The root of the problem lies in the software -- multiple implementations, each of which interprets the standard in a slightly different way. While the standards themselves are well defined, it is difficult to make fully interoperable products when each vendor's APS software implements the standard just a little differently. In addition, WAN transport expertise may be outside a vendor's area of core competency, so the critical functions necessary to build stable APS source code implementations may not be well understood by developers who are not SONET experts.
Then consider that there are several critical areas that are extremely difficult to coordinate in cross-platform environments -- including timing, mapping, failure notification, alarm condition handling, and predictable performance -- and you're at the heart of the problem.
So what are the options? Well, carriers can continue to single-source equipment and avoid heterogeneous implementations. Or vendors and providers can hope that standards bodies or, more likely, a vendor consortium will define interoperability conformance details.

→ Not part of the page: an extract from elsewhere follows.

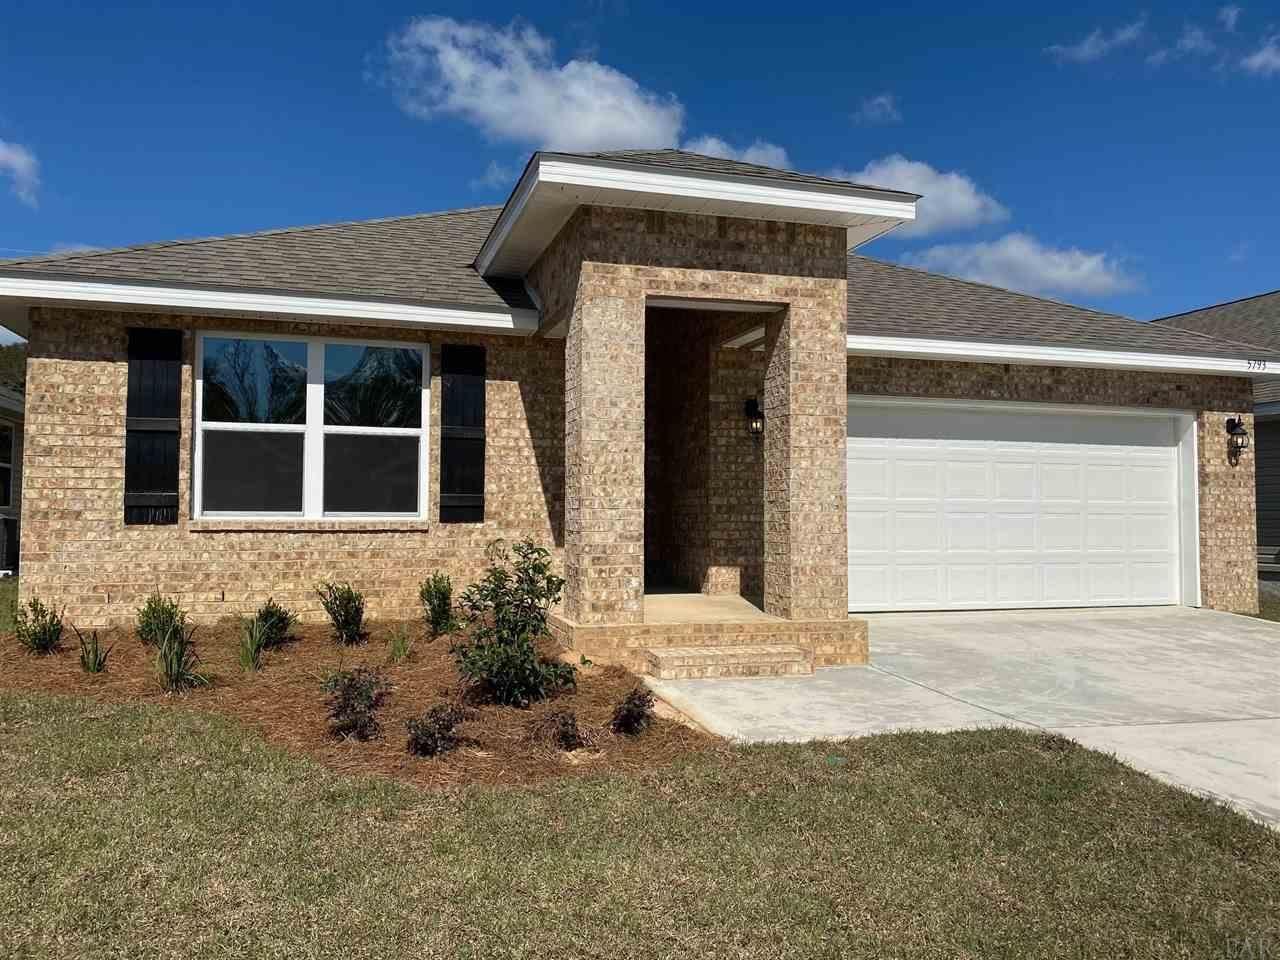 Photo for 5673 GUINEVERE LN, MILTON, FL 32583 (MLS # 578760)

There is also another alternative. Board manufacturers and software vendors are developing and delivering standards-compliant, interoperable APS implementations. So whether it's embedded board-level firmware or source-code software that vendors choose to ease their interoperability woes, there's no longer any need to continue to be held captive by single-sourcing, with more alternatives becoming available every day.
John Brandte is vice president of marketing and business development at Ncomm (Salem, NH), a provider of APS and other telecom wide area networking source code, software and custom consulting. His experience in the communications industry spans engineering, standards development, business planning, and analysis.